觀音此番前往天庭,并非空口白牙。她深知玉帝對鴻鈞老祖的敬畏之心,早已預料到這一招會成為突破口。
果然當她說出“西游乃是鴻鈞老祖所定”時,玉帝雖怒火未消,卻也不得不收斂三分。
最終玉帝只能勉強點頭,答應配合佛門計劃——下旨召孫悟空上天,引他戴上金箍,踏上取經之路。
然而,事情遠沒有表面那般順利。
太白金星再次奉命前往地府,傳玉帝詔令,召孫悟空回天庭議事。
孫悟空接到旨意后,眉頭一挑,嘴角露出一抹冷笑:“又是調我上來?上次是讓我看冥河,這次又是什么差事?你們這些天神,真當我老孫是跑腿的不成?”
嘴上雖有怨氣,但他還是跟著太白金星上了天庭。
到了凌霄寶殿,孫悟空大步而入,站在殿下,拱了拱手,語氣中帶著一絲敷衍和譏諷:
“陛下,俺老孫剛在冥河邊安頓下來,您又把我調來調去……這是玩我呢?”
此言一出,滿殿文武皆是一驚,太白金星更是臉色發白,連忙咳嗽兩聲,想讓孫悟空閉嘴。
可玉帝坐在龍椅之上,面皮微微抽動,心里有些尷尬。
他知道這猴子看似懶散,骨子里其實是桀驁不馴的,但沒想到竟敢在朝堂之上如此放肆!
不過為了大局,他沉聲道:
“孫悟空,你誤會了。
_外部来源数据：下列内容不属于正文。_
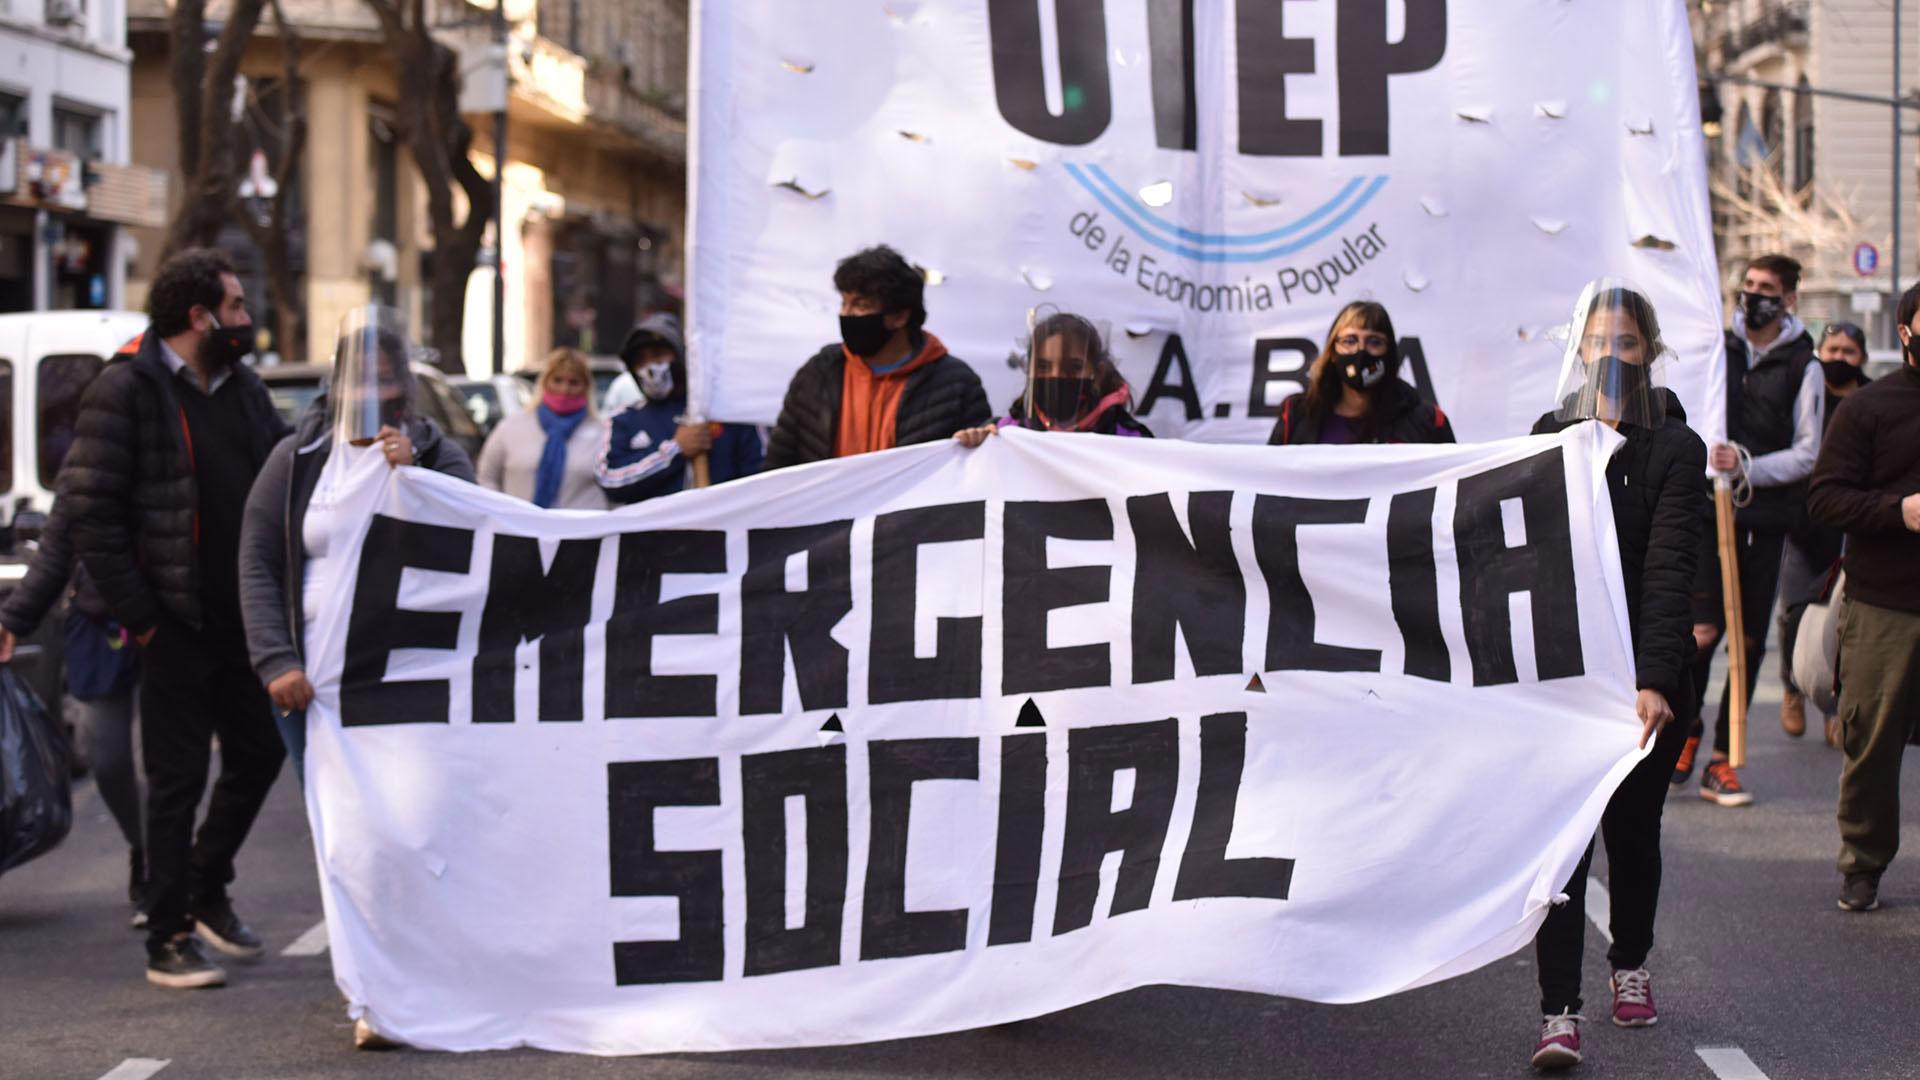 La emergencia social fue la bandera que llevaron adelante durante el reclamo
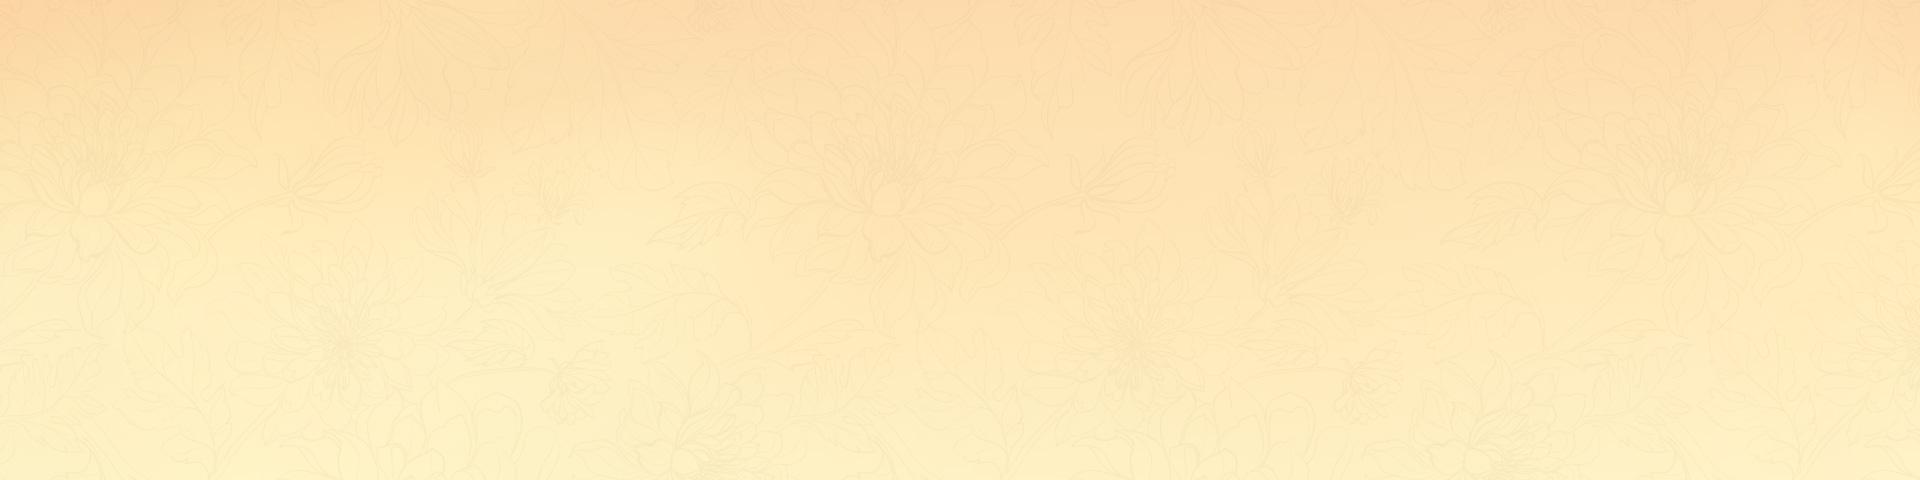 Banner_MLT_ชันสูตรพิสูจน์รัก_1920X480_BG

”
“朕此舉實為天下蒼生著想。”
“如今凡間大妖作亂,李靖與哪吒父子另有要務在身,騰不出手。”
“唯有你,才能擔此重任!”
這話聽起來冠冕堂皇,實則句句都是套路。
孫悟空瞇起眼睛,嘴角勾起一抹譏笑,心道:“好個玉帝,跟老子打官腔呢。”
他故意裝作聽不懂的樣子,擺了擺手,笑道:
“哎呀,這事簡單嘛。”
“我舉薦一人,有他出馬,不管什么妖怪都能被拿下。”
此言一出,滿殿嘩然。
太白金星臉色一變,心中暗罵:就知道這猴子不好打發!
他趕緊上前一步,打斷道:
“孫悟空,莫要鬧!你身為天神,理應為天下蒼生戰斗!”
“豈能推脫職責?”
可孫悟空仿佛沒聽見他的話一般,自顧自地繼續說道:
“我推薦二郎神!”
“此人本領高強,當年在封神之戰中威名赫赫。”
“區區一個妖王,二郎神隨手便可滅之!”
“何必勞駕俺老孫?”
此話一出,滿殿再度陷入死一般的寂靜。
玉帝的臉色有點難看,眼神復雜地看著孫悟空。
“既然如此,那便讓二郎神做你的副將,跟你下凡討伐。”
他心里有點不安,這兩個混蛋都是很會搞事的,兩個搞事的混蛋湊在一起,不會捅出天大的簍子吧?